My luck at the gambling table was varied; sometimes I was fifty to a hundred dollars ahead, and at other times I had to borrow money from my fellow workmen to settle my room rent and pay for my meals. Each night after leaving the dice game I went to the "Club" to hear the music and watch the gaiety. If I had won, this was in accord with my mood; if I had lost, it made me forget. I at last realized that making cigars for a living and gambling for a living could not both be carried on at the same time, and I resolved to give up the cigar making. This resolution led me into a life which held me bound more than a year. During that period my regular time for going to bed was somewhere between four and six o'clock in the mornings. I got up late in the afternoons, walked about a little, then went to the gambling house or the "Club." My New York was limited to ten blocks; the boundaries were Sixth Avenue from Twenty-third to Thirty-third Streets, with the cross streets one block to the west. Central Park was a distant forest, and the lower part of the city a foreign land. I look back upon the life I then led with a shudder when I think what would have been had I not escaped it. But had I not escaped it, I should have been no more unfortunate than are many young colored men who come to New York. During that dark period I became acquainted with a score of bright, intelligent young fellows who had come up to the great city with high hopes and ambitions and who had fallen under the spell of this under life, a spell they could not throw off. There was one popularly known as "the doctor"; he had had two years in the Harvard Medical School, but here he was, living this gas-light life, his will and moral sense so enervated and deadened that it was impossible for him to break away. I do not doubt that the same thing is going on now, but I have sympathy rather than censure for these victims, for I know how easy it is to slip into a slough from which it takes a herculean effort to leap.

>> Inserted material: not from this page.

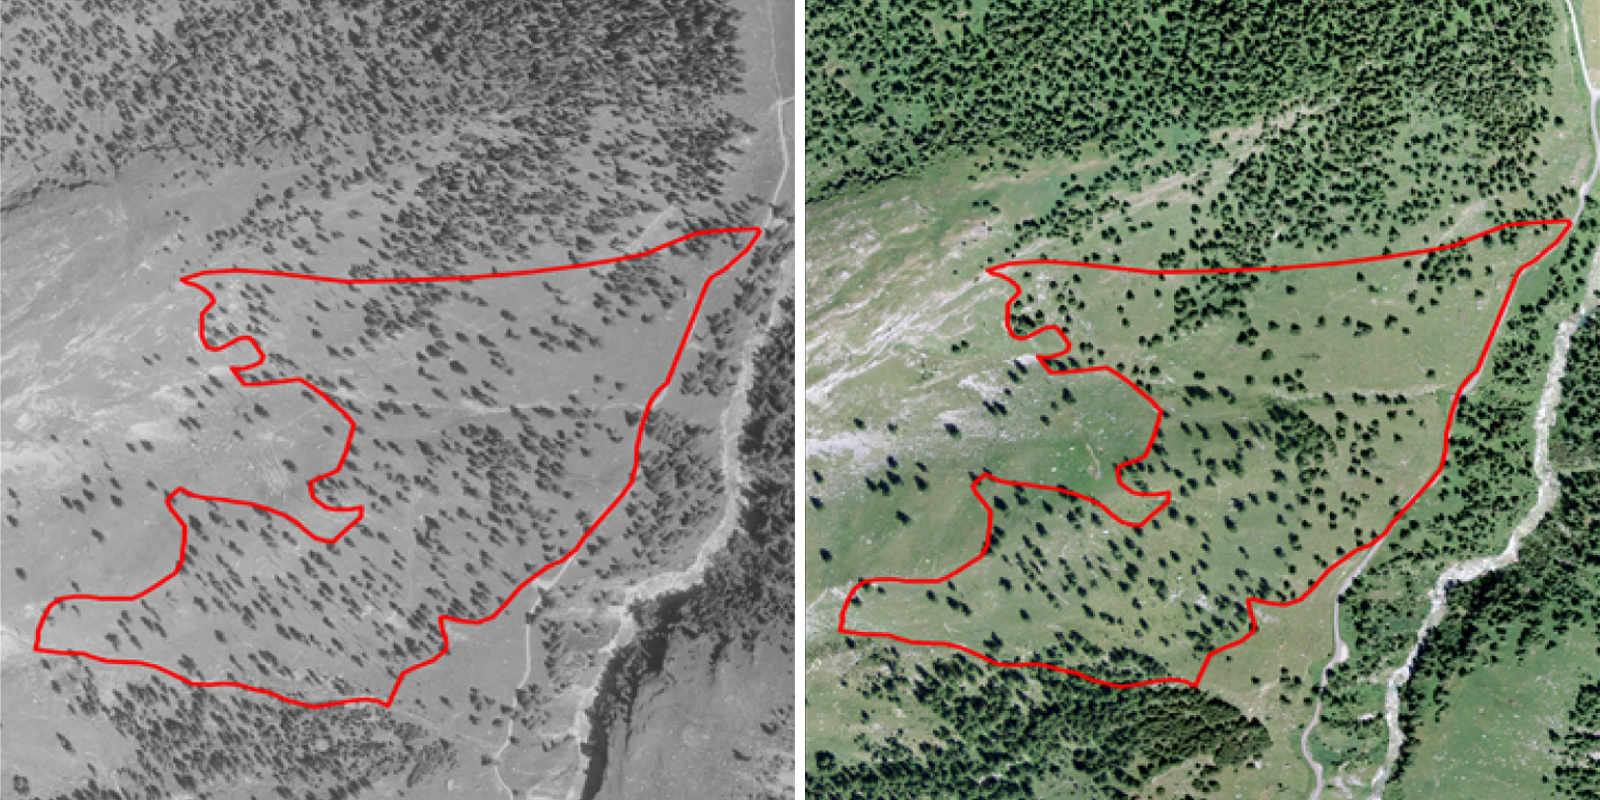 Luftbildvergleich Cröterwald 1957 und 2015

I regret that I cannot contrast my views of life among colored people of New York; but the truth is, during my entire stay in this city I did not become acquainted with a single respectable family. I knew that there were several colored men worth a hundred or so thousand dollars each, and some families who proudly dated their free ancestry back a half-dozen generations. I also learned that in Brooklyn there lived quite a large colony in comfortable homes which they owned; but at no point did my life come in contact with theirs.